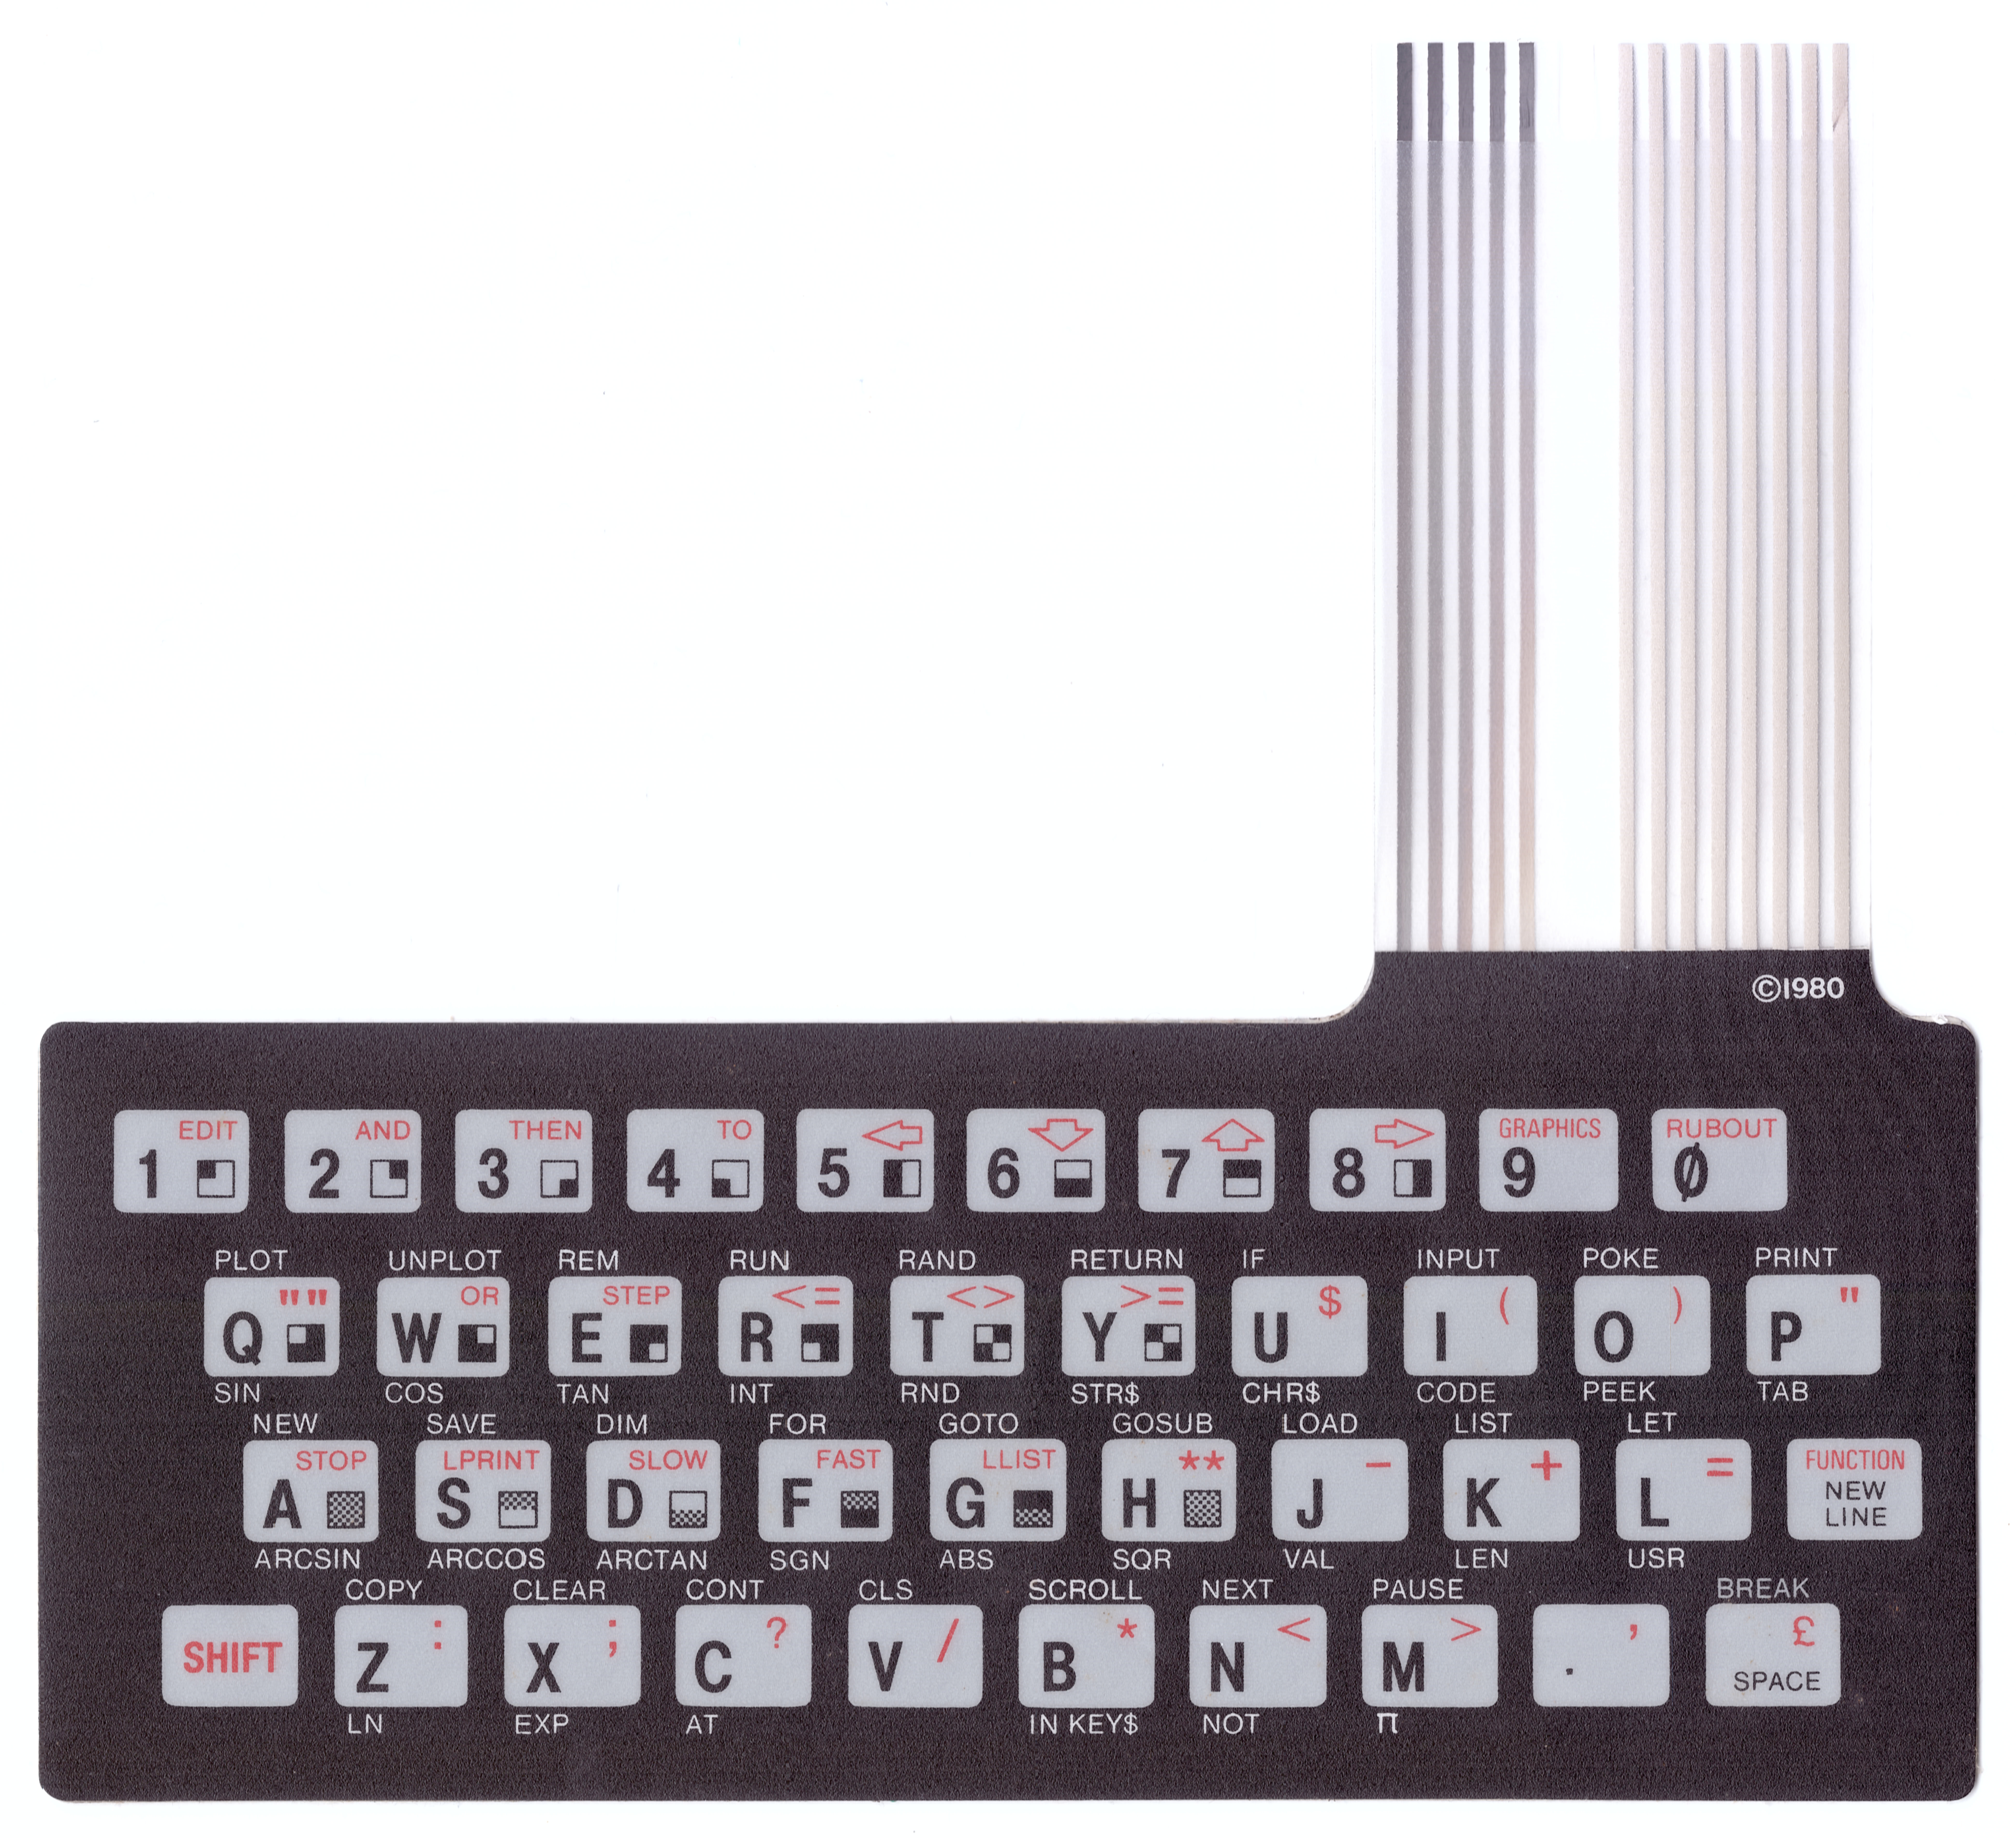 Sinclair ZX81 Kit – pagetable.com
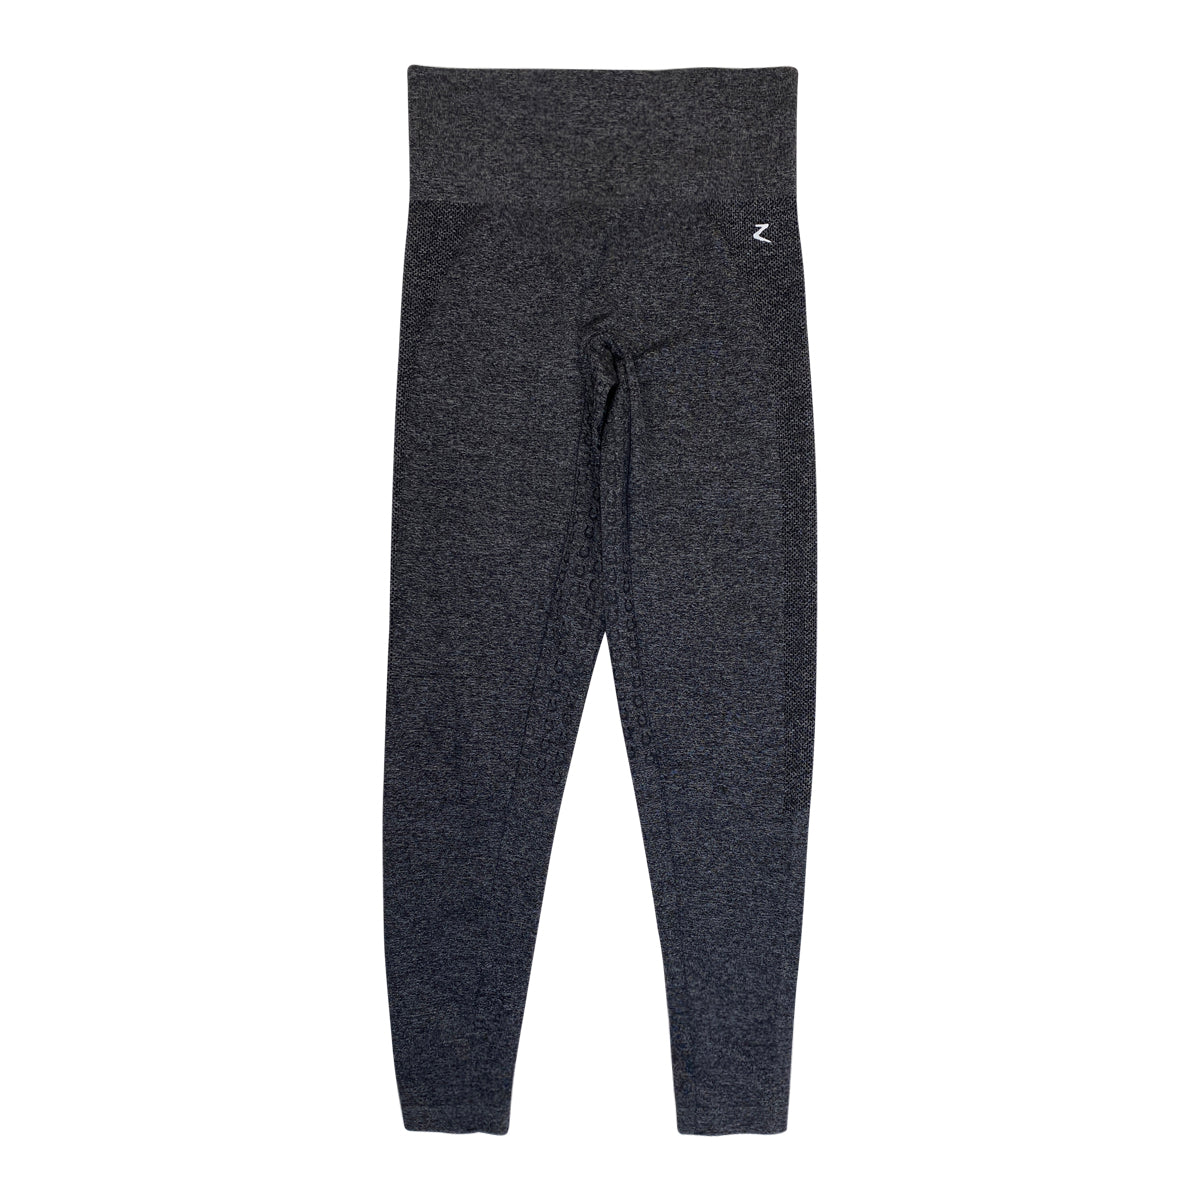 Horze Compression Full Seat Tights in Grey Heather
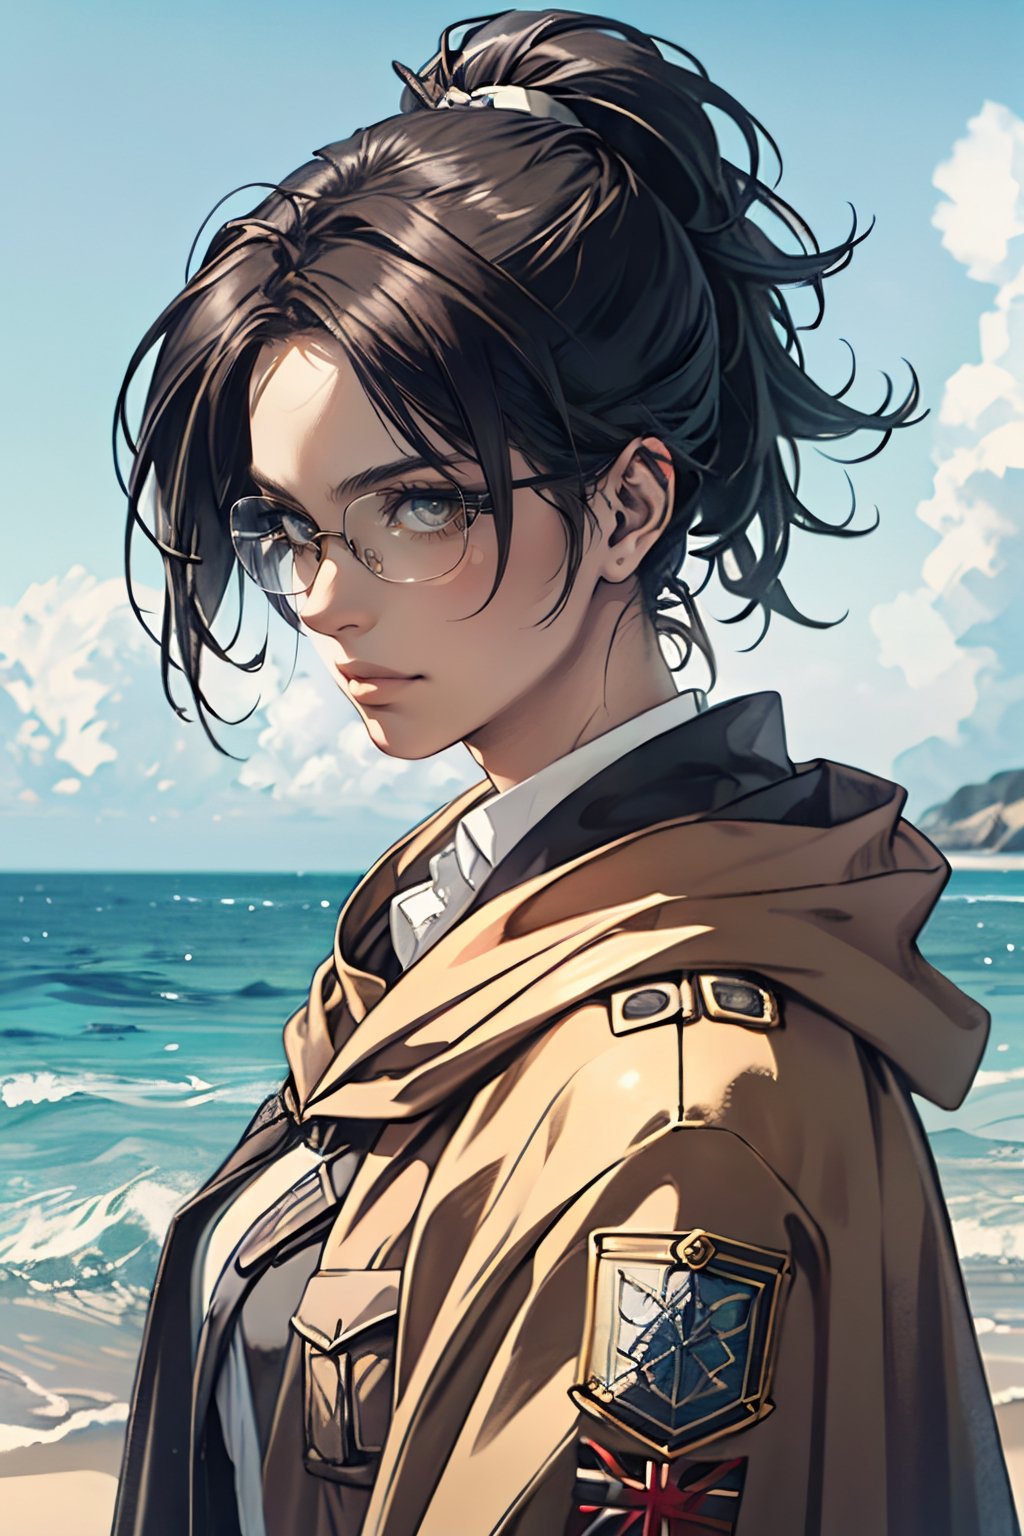 1 girl, HangeAOT, dark brown hair, messy high ponytail, light brown eyes, (aquiline nose:1.2), pure white collared shirt, (green scouts cloak:1.2), glasses, (black eye patch on left eye), fit body, mature, 35 years old, charming, alluring, (standing), (upper body in frame), simple background, endless ocean, pink cloudy sky, dawn, 1910s harbor, only1 image, perfect anatomy, perfect proportions, perfect perspective, 8k, HQ, (best quality:1.5, hyperrealistic:1.5, photorealistic:1.4, madly detailed CG unity 8k wallpaper:1.5, masterpiece:1.3, madly detailed photo:1.2), (hyper-realistic lifelike texture:1.4, realistic eyes:1.2), picture-perfect face, perfect eye pupil, detailed eyes, realistic, HD, UHD, (front view, symmetrical picture, vertical symmetry:1.2), look at viewer,AttackonTitan,HangeAOT, survey military uniform
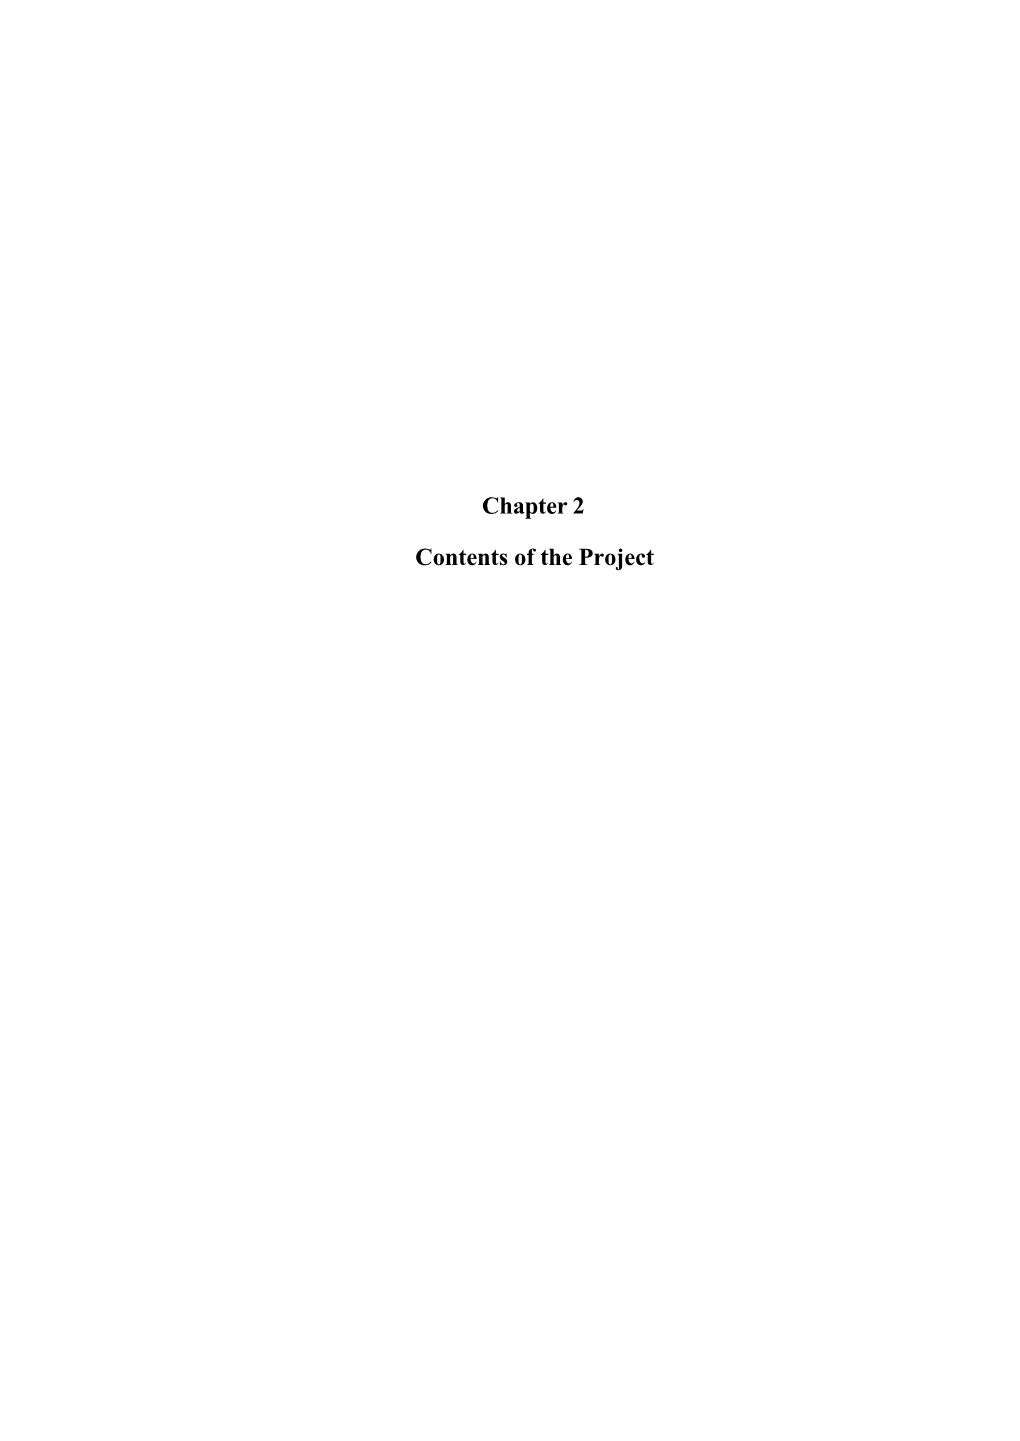 Chapter 2 Contents of the Project

^^^^^^^^^^^^^^^^

**REQUIREMENT**
Set the data above down again exactly as given, with no pictures.

**YOUR RESPONSE**
 Sinclair ZX81 Kit – pagetable.com
 Horze Compression Full Seat Tights in Grey Heather
 1 girl, HangeAOT, dark brown hair, messy high ponytail, light brown eyes, (aquiline nose:1.2), pure white collared shirt, (green scouts cloak:1.2), glasses, (black eye patch on left eye), fit body, mature, 35 years old, charming, alluring, (standing), (upper body in frame), simple background, endless ocean, pink cloudy sky, dawn, 1910s harbor, only1 image, perfect anatomy, perfect proportions, perfect perspective, 8k, HQ, (best quality:1.5, hyperrealistic:1.5, photorealistic:1.4, madly detailed CG unity 8k wallpaper:1.5, masterpiece:1.3, madly detailed photo:1.2), (hyper-realistic lifelike texture:1.4, realistic eyes:1.2), picture-perfect face, perfect eye pupil, detailed eyes, realistic, HD, UHD, (front view, symmetrical picture, vertical symmetry:1.2), look at viewer,AttackonTitan,HangeAOT, survey military uniform
 Chapter 2 Contents of the Project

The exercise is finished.